Paper accepted at SemDial 2024.
This repository contains the code for PairwiseTurnGPT, an End-of-turn detection model trained on the Switchboard corpus PairwiseTurnGPT is based on the work of TurnGPT but modifies the model and spoken dialogue processing to effectively model speaker interactions in overlapping utterances.
This allows us to utilize phenomena such as backchannels, interruptions and overlaps in predicting end-of-turns in spoken dialogues without the need for acoustic features.
The model itself is based on the GPT-2 architecture but uses a dual-transformer approach to model each speaker's utterances separately.

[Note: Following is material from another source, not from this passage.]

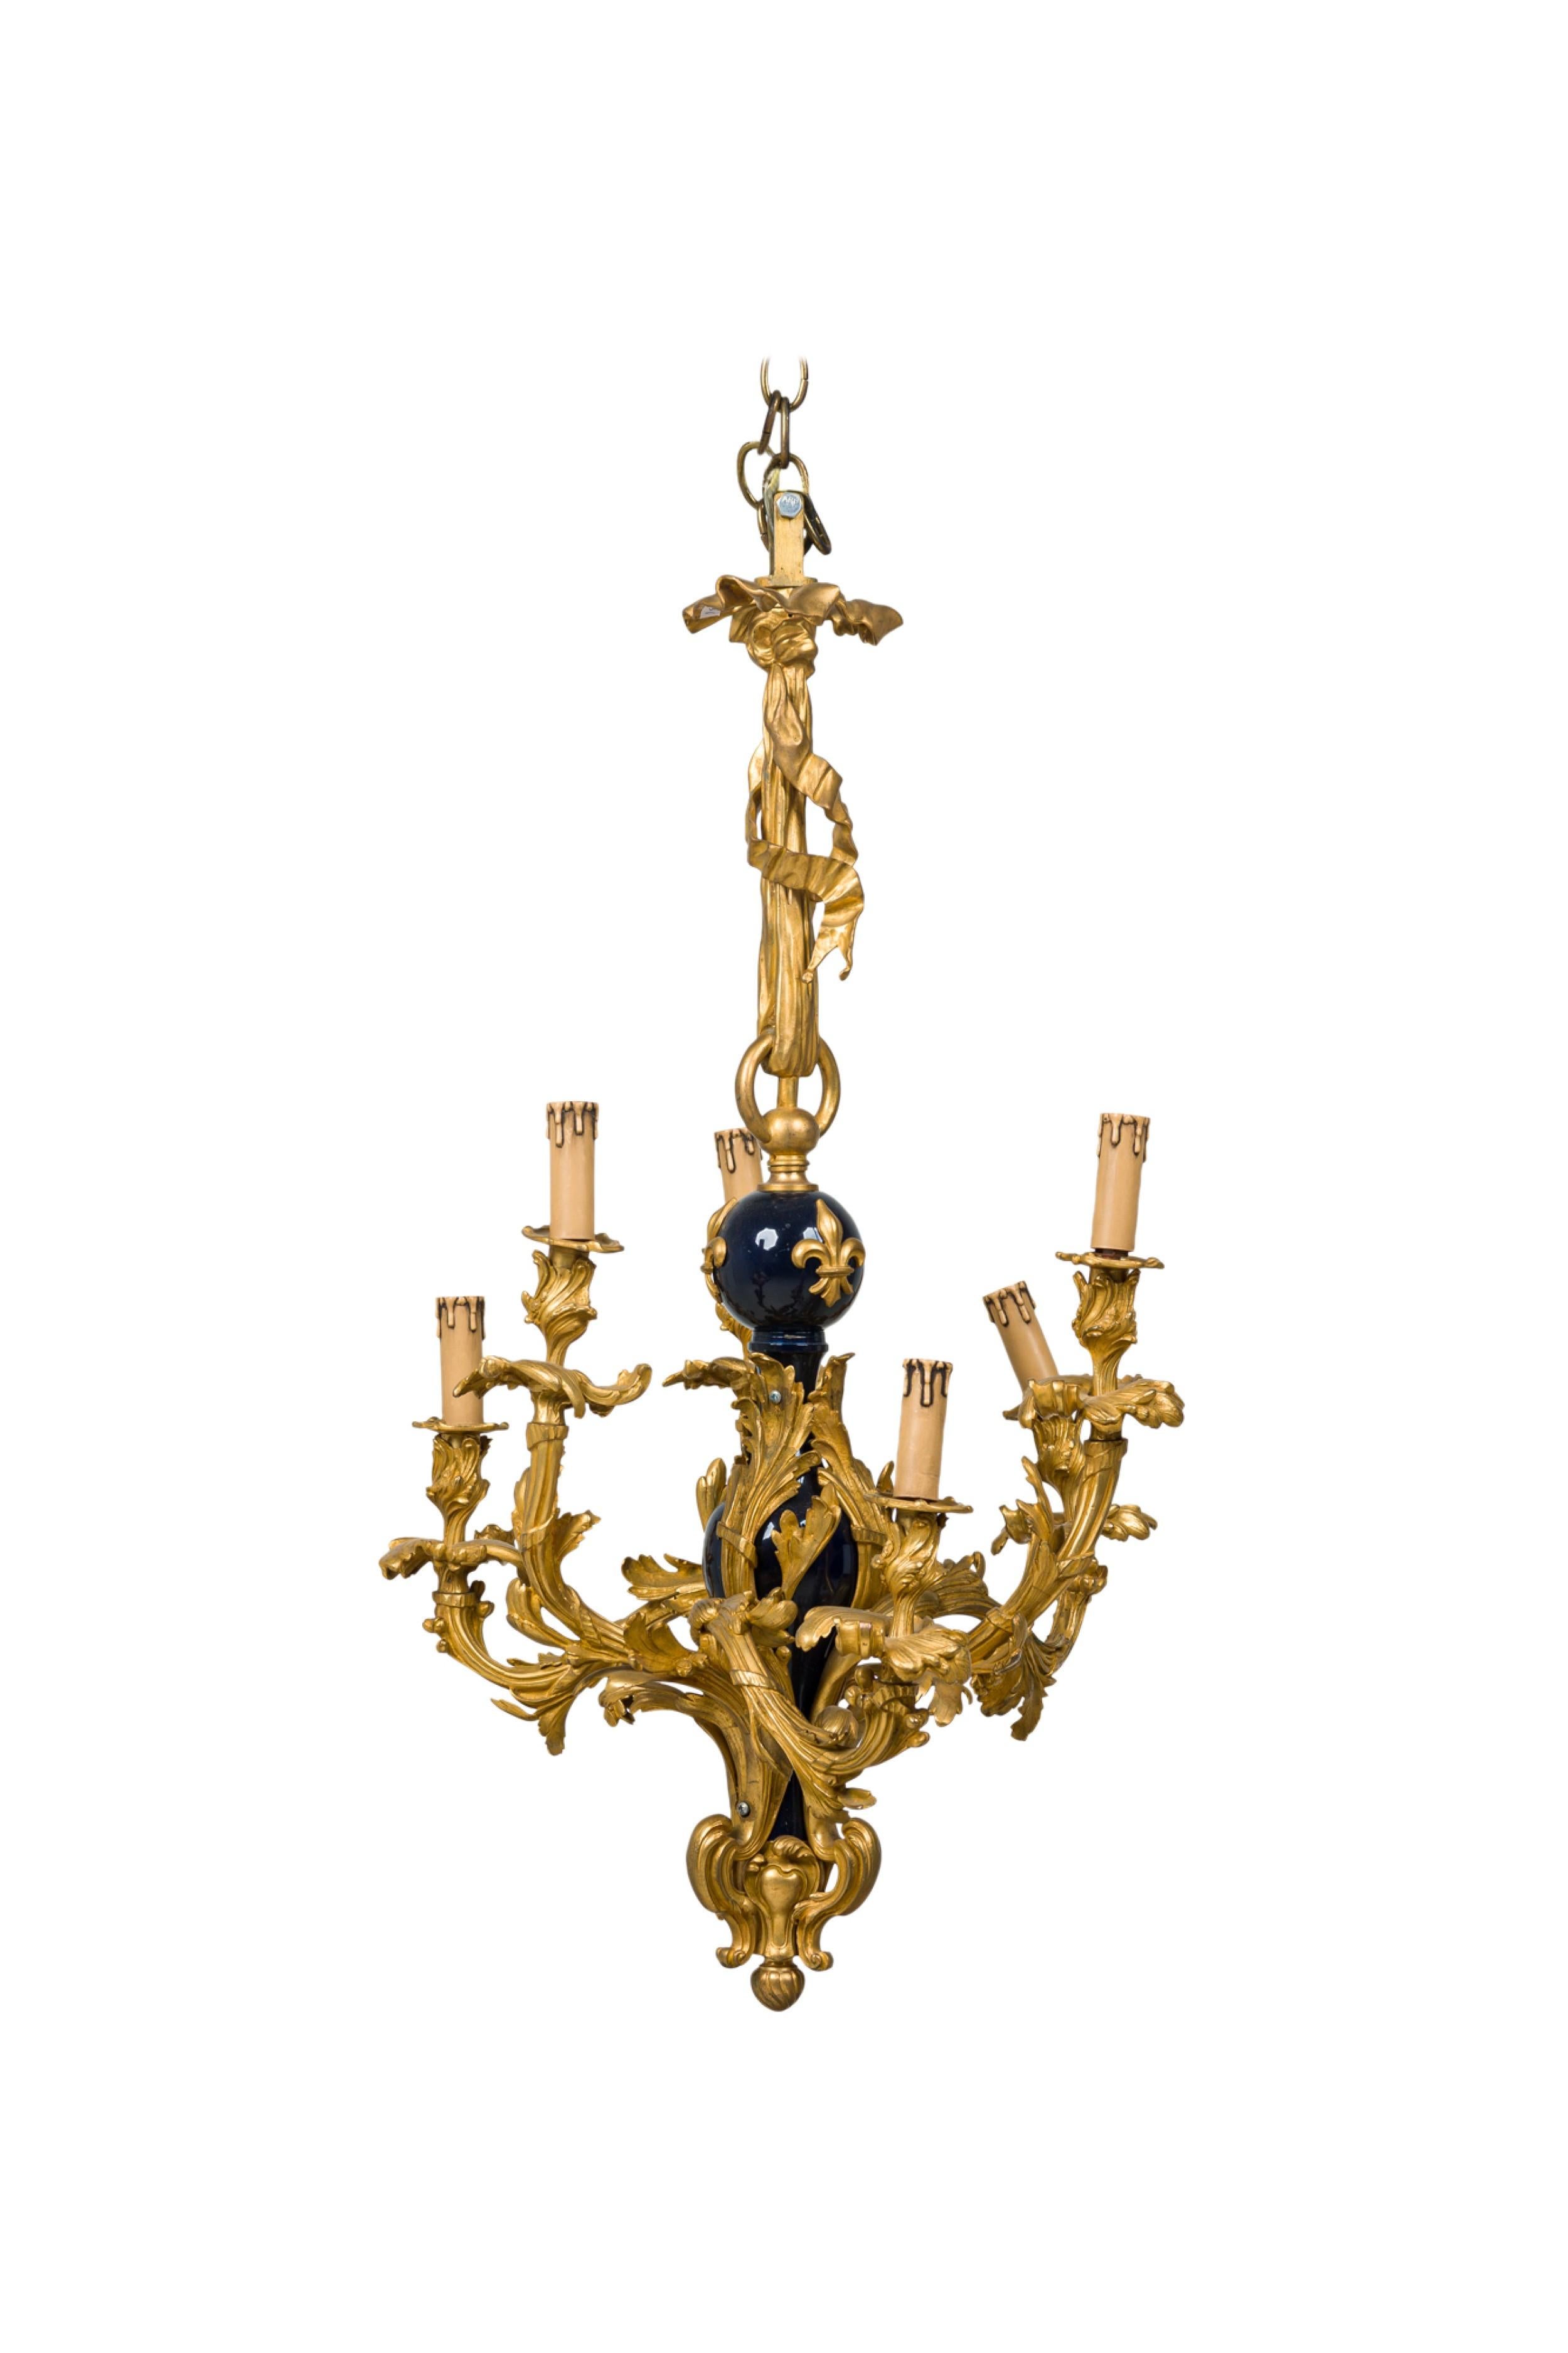 Französischer 8-armiger Kronleuchter aus Bronze im Louis XV-Stil (19. Jh.) mit einem barocken Rahmen in Form einer Schnecke und einem skulpturalen Korpus aus Kobaltporzellan mit 3 aufgesetzten Fleur de lis-Dekorationen aus Bronze in der Mitte.

For easy comparison, the original TurnGPT model has been cloned in this repository within the gptonly
folder.
The pairwisegpt
folder contains the code for PairwiseTurnGPT.
Note: The repository that generated the results for the paper is available on branch old. The
master
branch contains refactored code for easier readability and maintainability.
Ran and tested on a ubuntu-based linux machine with conda.
For a GPU envrionment run the following (downgrade CUDA if necessary):
conda create -n ENV_NAME python=3.12
conda activate ENV_NAME
conda install pytorch torchvision torchaudio pytorch-cuda=12.4 -c pytorch -c nvidia
conda install --file package_list.txt
pip install -r requirements.txt
For a CPU environment run the following:
conda create -n ENV_NAME python=3.12
conda activate ENV_NAME
conda install pytorch torchvision torchaudio cpuonly -c pytorch
conda install --file package_list.txt
pip install -r requirements.txt
cd data && pip install -e .
cd .. && pip install -e .
There are two main folders gptonly
, for TurnGPT, and pairwisegpt
for PairwiseTurnGPT.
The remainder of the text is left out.